HHJ Hacon considered that the evidence provided by Urbanbubble in support of its likelihood of confusion hypothesis “does not establish that there was a risk that the use of the sign Urban Evolution would create a well-founded belief in the “mind of the average consumer investor that there was was an economic connection” between the two companies. The judge said that “there was at most a risk that the average consumer saw it as a probable possibility”, but that “this does not seem to me to satisfy the criterion of likelihood of confusion”.

Evidence of genuine confusion as to the origin of goods or services can be very difficult to find. Rights holders who believe they have such evidence will therefore believe they have a strong case for trademark infringement.

This decision, however, is the latest in a number of judgments from courts in England and Wales which show that there is a high bar to be overcome in proving genuine confusion to support a conclusion that the average consumer would probably be confused. It is not enough for someone to wonder whether there is an economic link between competing brands. This case shows that courts will consider the larger context when determining whether the average consumer – in this case, real estate investors – truly believes the companies are related.

Consent

Urbanbubble’s failure to meet the likelihood of confusion test caused its primary claim for trademark infringement to fail, but the High Court nonetheless considered the infringement defense that Urban Evolution had advanced in if the court found otherwise – that he had consented to use his trademark.

At the heart of Urban Evolution’s defense was an exchange of emails related to a logo that Urban Evolution had used when launching its website. Urbanbubble asked Urban Evolution to change the logo after complaining that it looked like theirs.

Urban Evolution dropped their original logo and adopted a new logo instead, and later received an email from Urbanbubble’s sole director. The email noted the change and said it was “time to move on.” The director also said in his email that the Urban Evolution company had his “blessing”.

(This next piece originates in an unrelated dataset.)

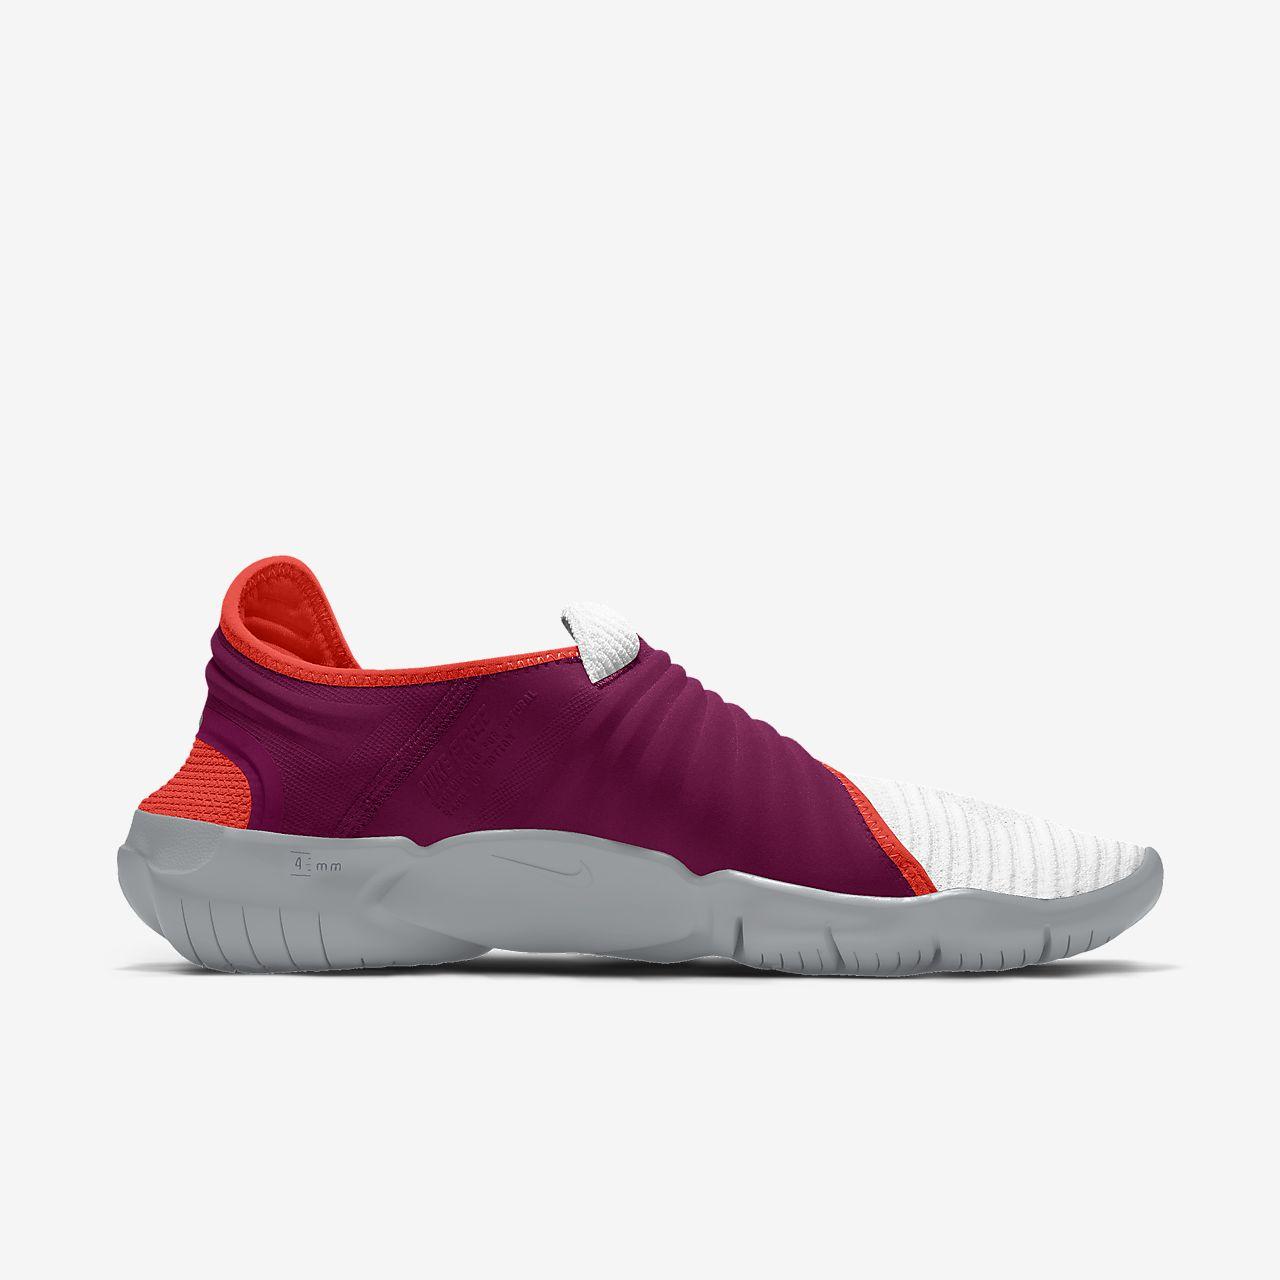 Nike Free RN 5.0 By You ppersonalisierbarer Damen Laufschuh
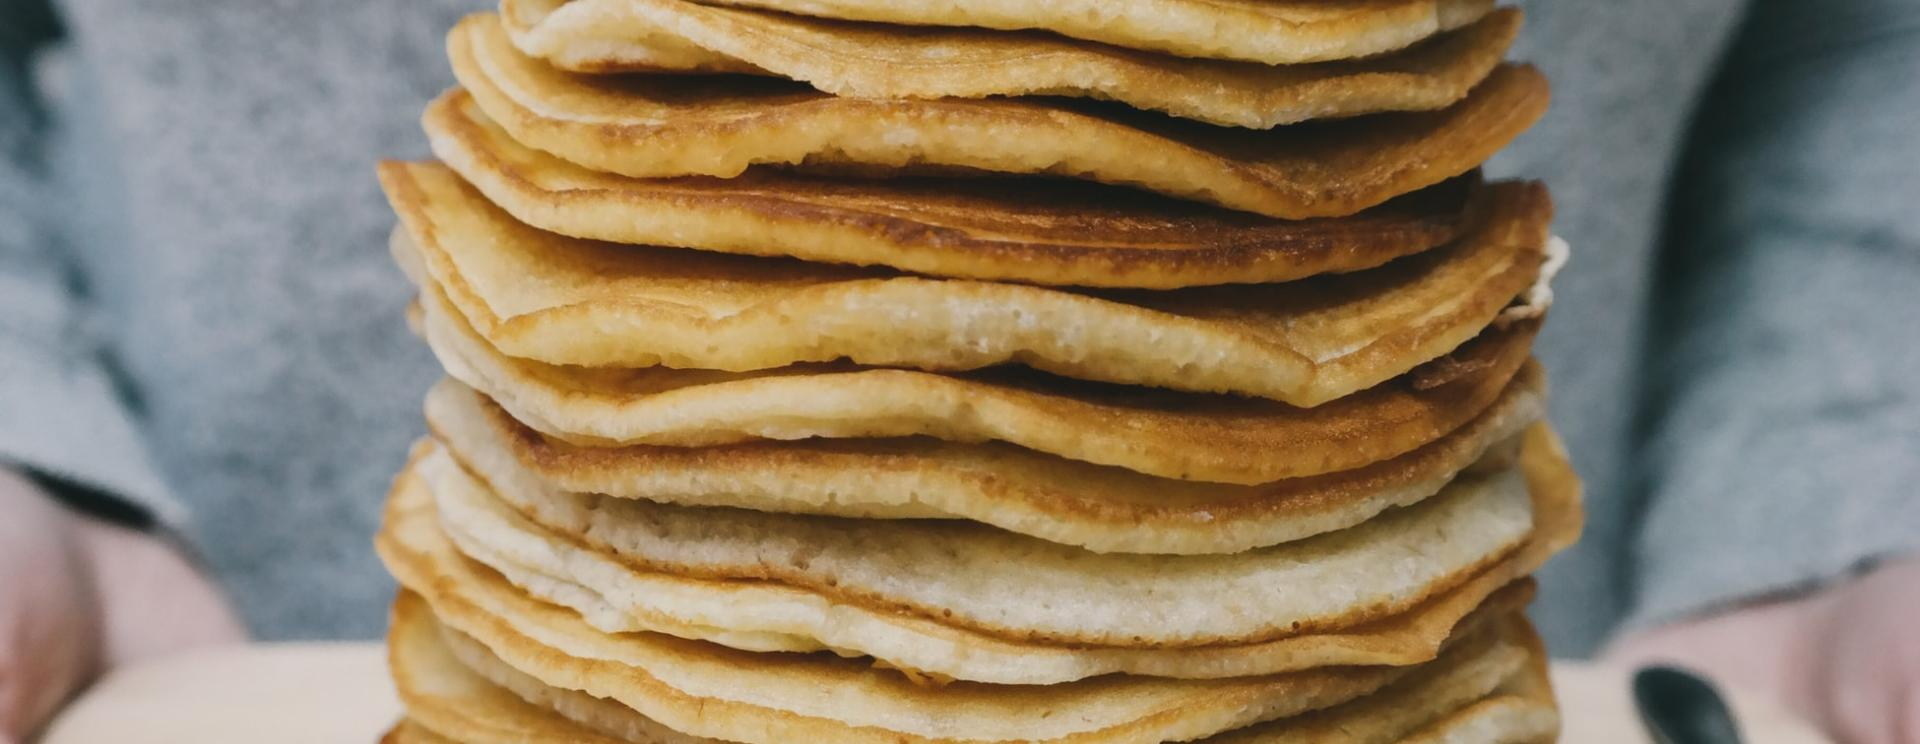 Buffalo Roundup and Arts Festival Pancake Feed

Urban Evolution cited the email as evidence that it had consented to use its Urbanbubble trademark, pointing out that it showed that Urbanbubble had only raised an issue with its original logo and not with the business name of the company.

Urbanbubble argued, however, that the director objected to the use of the Urban Evolution name and articulated it to Urban Evolution when raising his objection with the logo. However, HHJ Hacon pointed to changes in the evidence given by the Urbanbubble director regarding the circumstances in which he expressed this objection. HHJ Hacon said the new point he raised was “difficult to reconcile with his email.”

The High Court held that Urban Evolution did not need Urbanbubble’s consent to use the Urban Evolution name but that it was “given nonetheless”.

The judgment shows that consent to the use of a mark can be given in the absence of a formal coexistence agreement.

This case, however, highlights the problems that can arise if trademark owners engage with others about the use of their mark and shows the care that must be taken in the wording of correspondence.

Cost implications of prosecuting directors

After the High Court delivered its judgment, both Urbanbubble and Urban Evolution made representations to the court regarding the level of costs arising from the proceedings against Urbanbubble.

When considering costs, the court took into account that Urbanbubble had named a director of Urban Evolution as a co-defendant in the case, thereby seeking to hold it jointly and severally liable with the company for trademark infringement.